That is what the vice president's war plan amounts to. It is in apposition to Gen. Stanley McChrystal's version of a full confrontational strategy, in the form of rooting out the Taliban terrorists, and holding an area with enough troops after that, to make civilian life possible; and the two are among the options that President Obama is looking at, to make his final decision on sending more troops to Afghanistan.

Well, the vice president's report is based on his trip to the war zone, and so, it will be far more picturesque than that of the general, who happens to be conducting the war itself; His observations are bound to be factual; and thoughtfully considering, the president will be aware of that. Yet, the experience has been that a president tends to listen to his vice president more likely than an outsider, as he thinks that the advise he gets from the person next to take his place is more feasible and he will somehow accept it without question, as a practical thing to do.

However, in this particular instance, it will be advisable for President Obama to take the general's idea more seriously than the pretty picture his vice president is presenting.

Getting rid of militant leaders does not stop a war; they are replaced instantly or almost immediately after their death, and their replacements continue from where their predecessors have left off.
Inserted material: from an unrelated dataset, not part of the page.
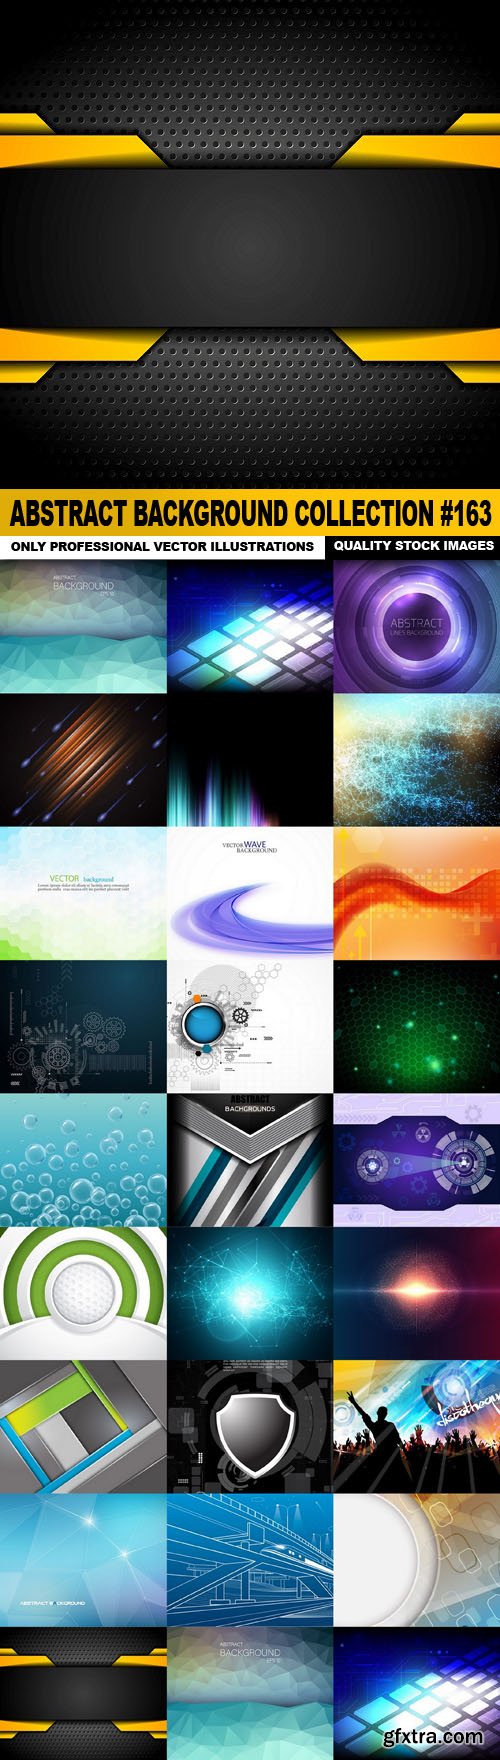 Abstract Background Collection #163 - 25 Vector

So, that piece of advise must be for another time, however plausible.

On another front, Vice President Biden's reaction to former Vice President Cheney's remarks on the Afghan war is one to be considered as very cogent to the argument that the Bush administration ignored the war in Afghanistan for eight years, and that the present administration has been handed a "mess", as some White House officials have been saying in recent past in the media.

He admits that a well prepared "review" has been handed to the Obama transition team; however, the mentioning of it by the former vice president "is irrelevant". That may be so, nevertheless, that puts the present government in a position of taking full responsibility for whatever happens in Afghanistan from now on; as the White House will have no more excuses to make in pushing back any mistakes, current or otherwise, on the previous government.

There is no reason here to berate Vice President Biden for his own remarks for what his predecessor has to say, as he (Biden) has been frank to vindicate the Bush administration of the controversy about additional troops that has been embedded in the review given to him and President Obama. He has allowed the truth to come out, and many Americans will commend him for that.

He has also proved that he is doing his work perfectly well, for bringing three European leaders to the understanding that the United States is committed to their defense. Those countries being Poland, the Czech Republic and Romania; and they have agreed to accept Obama's modified missile defense version, which replaces the Bush-era plan. There is no dispute at all about his performance on that score either.

Bravo, Mr. Vice President Biden.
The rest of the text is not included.